Thanks so much Alexandra, I so appreciate the reminder. And of course so incredibly expressive way you shared it!

A few weeks ago we started learning the Primary song "My Eternal Family" song for FHE. It has a catchy tune, and I find the lyrics circling in my head... usually after I've displayed a short temper with my kids... "I am a builder working each day to build my family. And I will do the best that I can to serve them lovingly". I think it should be a RS song too!

Tat said...

Super love you. Miss you. You're hilarious.

Jenny said...

I think you could write a parenting book based on OS and make millions of dollars. Loved this post!

alexandra said...

Terrah, I agree with you! Those are some perfect lines for mothers to remember. Probably even more than for kids.

Jenny, I only hope that those loser doctors haven't trade-marked the title. I just have to find a way to sell it into the mormon world, like joy school. Hmmm. :)

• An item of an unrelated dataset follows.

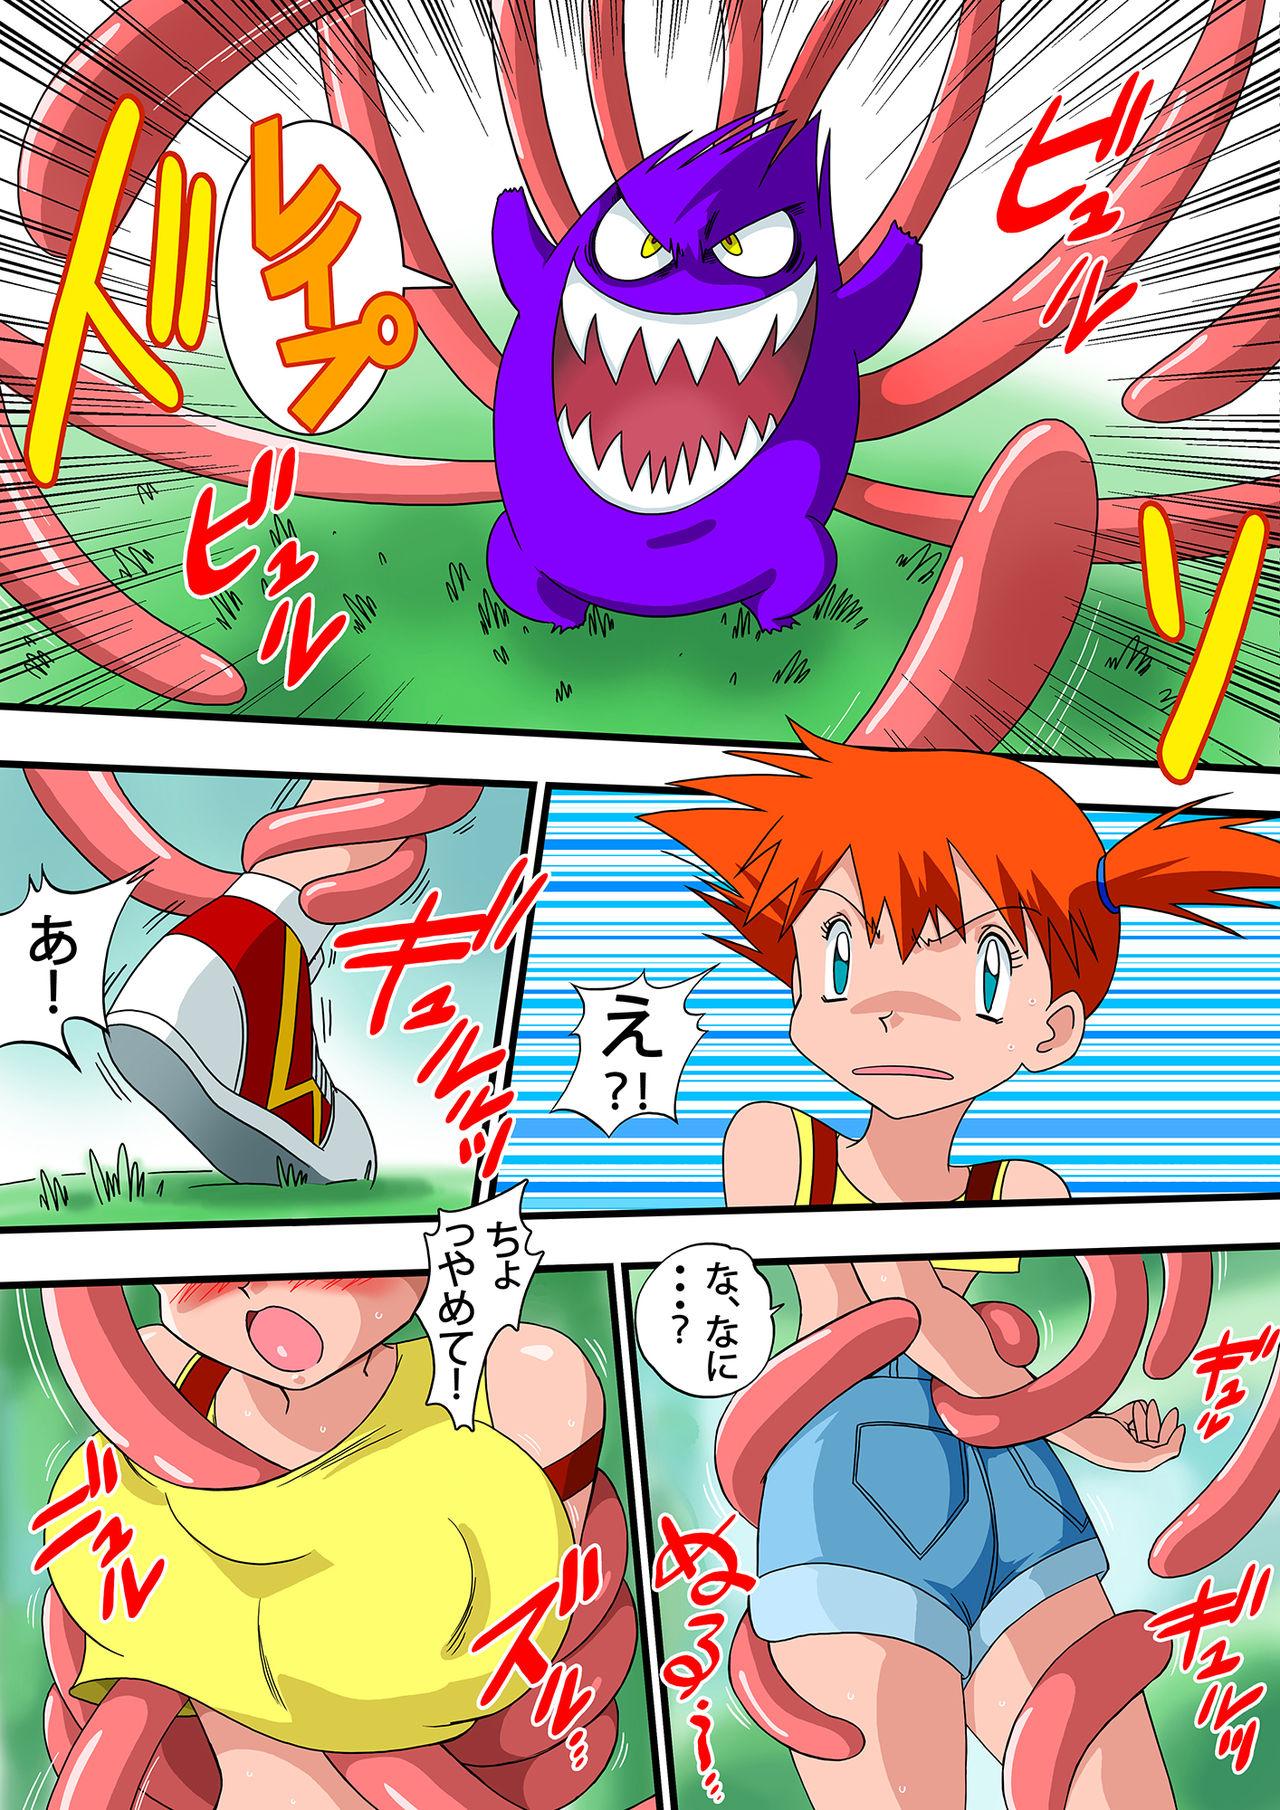 Teacher PokePoke - Pokemon Carro - Page 4
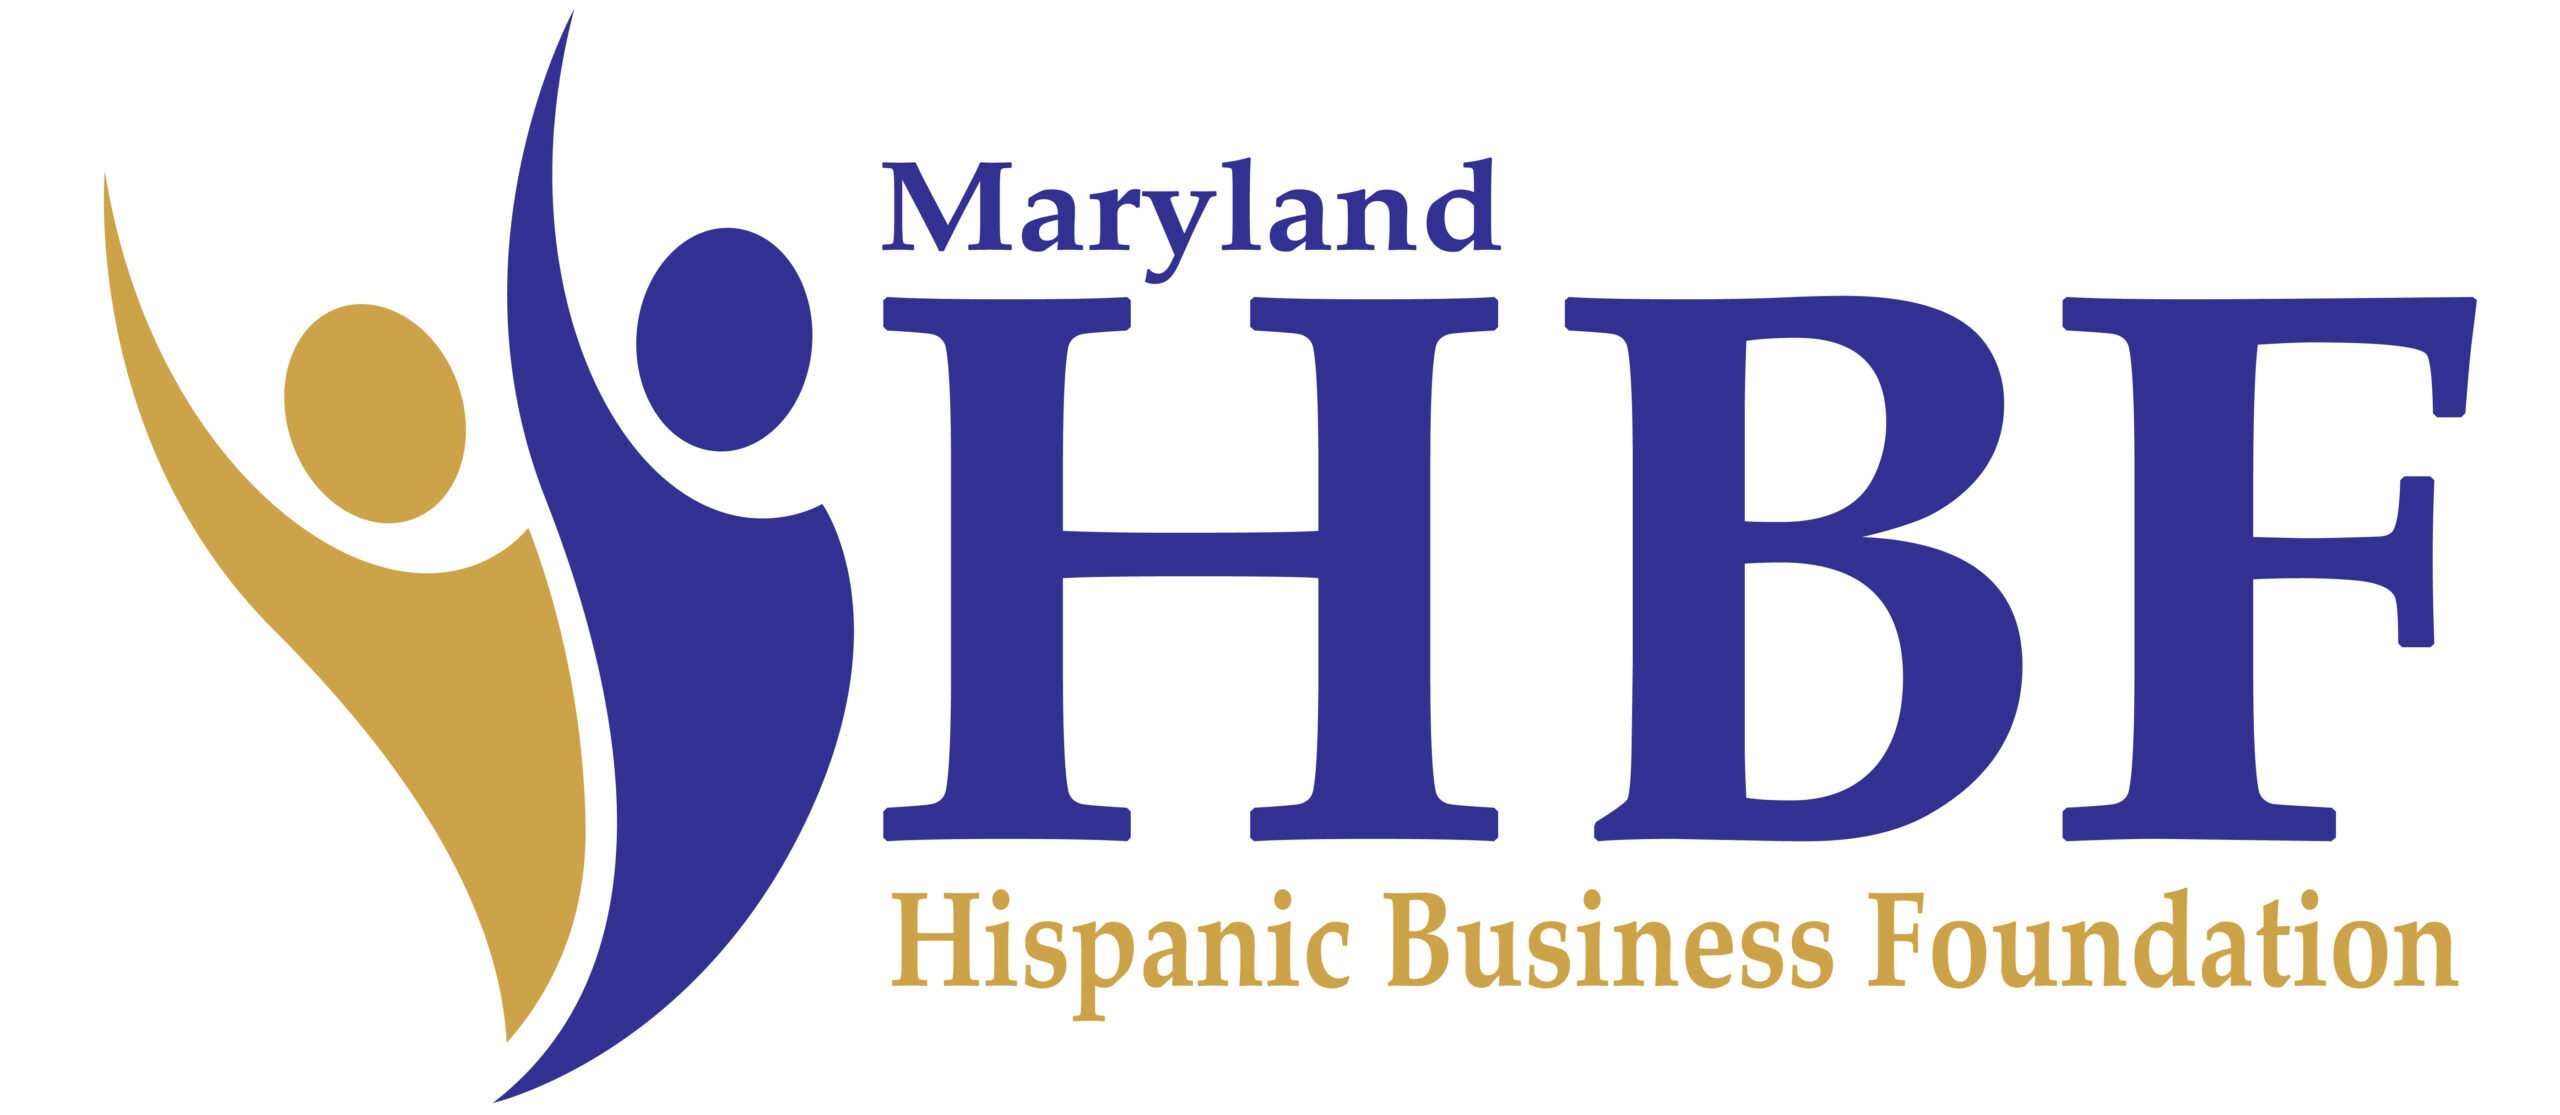 Hispanic Business Foundation of Maryland

Ashley, thanks for not thinking I was stony-faced. During the fifth apology for a testimony I was like "WTH? I was inspired by your freaking message!" Ha! (that's my new symbol for I'm just kidding).

Briana said...

A gem of a post.

I've had these same feelings all summer. Thanks for sharing.

Erin said...

I'm smiling right now!!! We must be on the same wavelength because I have been trying this.
You have no idea how many nights I have gotten into bed and thought I am not acting any better than they are! I am throwing just as many "tantrums" and somehow it is justified because I am trying to help them with their little tiff!
Anyway, so nice to read your thoughts. Really. (You know what I repeat all day long and now I've added smiling)

Erin said...

I have this quote in the front of my planner...

"How often we see parents demand obedience, good behavior, kind words, pleasant looks, a sweet voice and a bright eye from a child or children when they themselves are full of bitterness and scolding! How inconsistent and unreasonable this is. We should set an example for them we wish to imitate." Elder Hales

I read this in the Ensign a couple of months ago and I think my jaw dropped. Just what I needed to hear! So, here's to being the perfect mother...CHEERS!!

Mer Swift said...

I read this for the first time awhile ago, but left it unread in my Google Reader because I just had to go back and read it again. I totally agree with Jenny. You need to write a parenting book. Loved this post! Love you!